Full Application Compatibility
Let's face it: MMD heavily relies on automation to be profitable. This requires highly standardized infrastructure requirements as well as full application compatibility. In the real-world, we have found that application compatibility is one of the largest obstacles to a smooth migration process.
Although Microsoft promises to have an engineer on hand should you run into application compatibility problems for any customer, ISV, or MS-developed product, they also expect that you fulfill certain requirements as part of the onboarding. Essentially, to be able to use this service, you will need to use Desktop Analytics to gather your inventory and Intune to deploy and manage your apps. From what I gathered at Ignite (although different presentations said different things, so take it with a grain of salt until we know more), Intune now supports Universal Windows Platform applications, Win32-based apps, executables (.exe) as well as multi-file MSIs with transforms.

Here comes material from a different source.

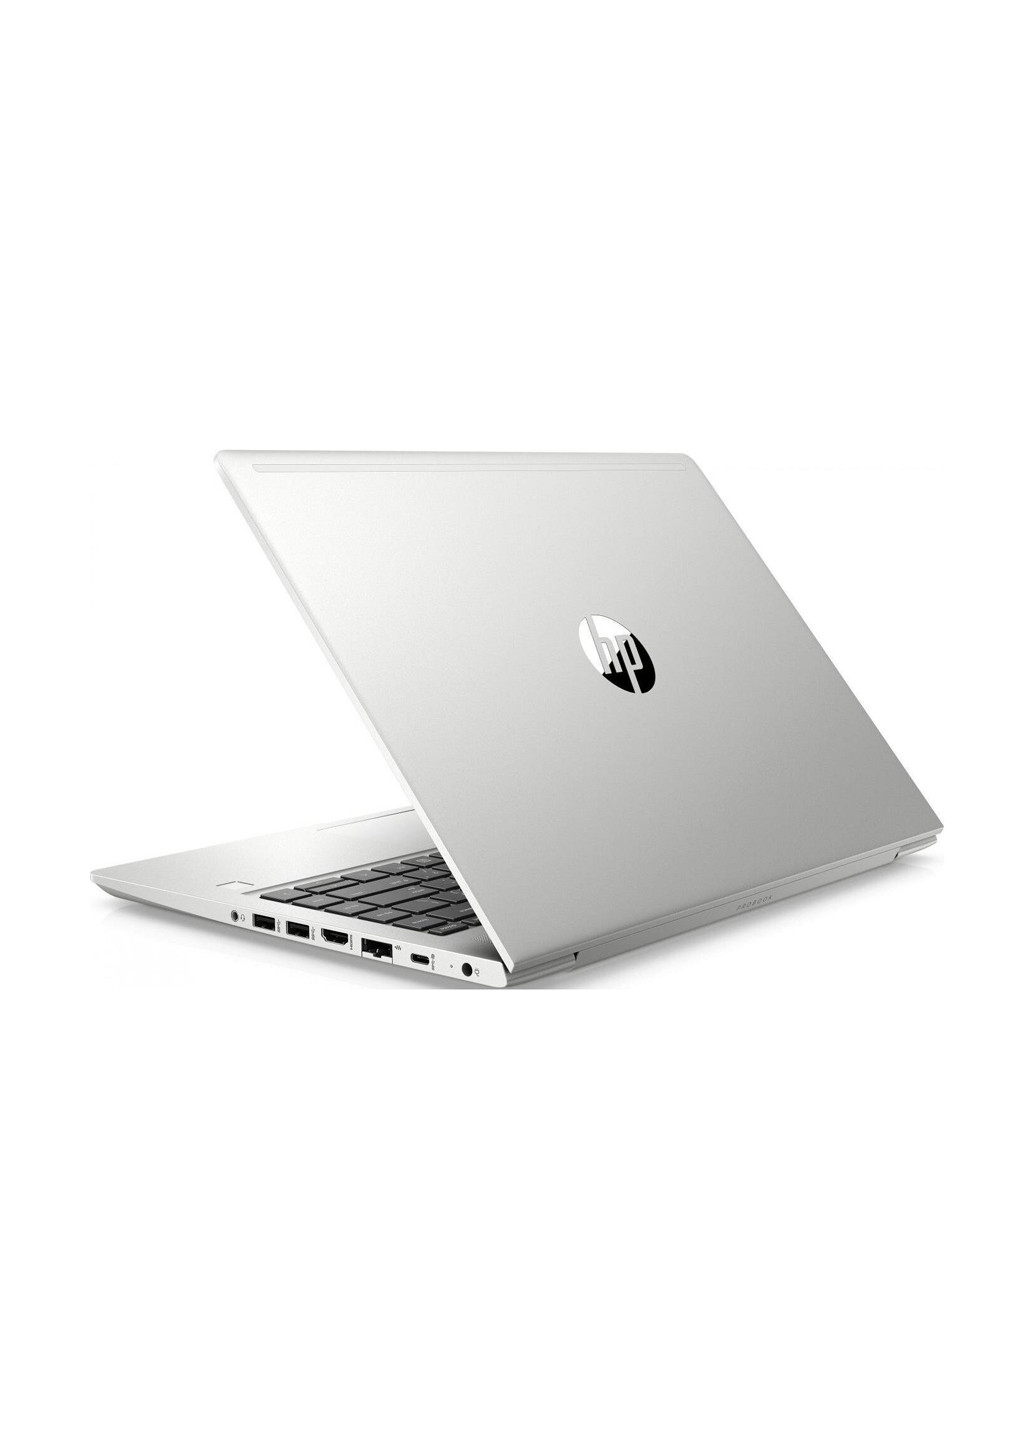 Ноутбук HP probook 440 g6 (4rz57av_v5) silver (158838072)

Once your inventory is created, you will have to decide which to keep, retire, and modernize — something enterprises always struggle with as this means sifting through tens of thousands, if not millions of data rows.
The question is this: how will this labor-intensive process be managed? Who is responsible for doing this? Many enterprises have turned to Juriba's Dashworks Connector and automated application compatibility management at this point.
In the second step, MMD will use Desktop App Asure, a new FastTrack service, to determine the compatibility status of your inventory. You will also have to repackage your apps for Intune.
Intune provides different templates to configure policies. For example, you can now configure a VPN profile access. The user will have their personalized VPN access shortcut already "pre-installed" as part of their out-of-the-box experience. You can also configure certain security settings, e.g., require a password to unlock the device, or switch on real-time monitoring for Windows Defender.
Only time will tell if enterprises will take this service seriously. While this is an enterprise service only at the moment, we can see it working for smaller businesses who don’t have this sort of support. However, it will be interesting to see where Microsoft draws the line lies on what will be supported (i.e. hardware issues vs software issues vs OS issues). For many the initial value proposition might sound appealing, but there are a lot of dependencies (i.e., Intune) to make this work. In addition, the initial reliance on Microsoft hardware (Surface Books are some of the most expensive laptops on the planet!) will be significant barriers to entry.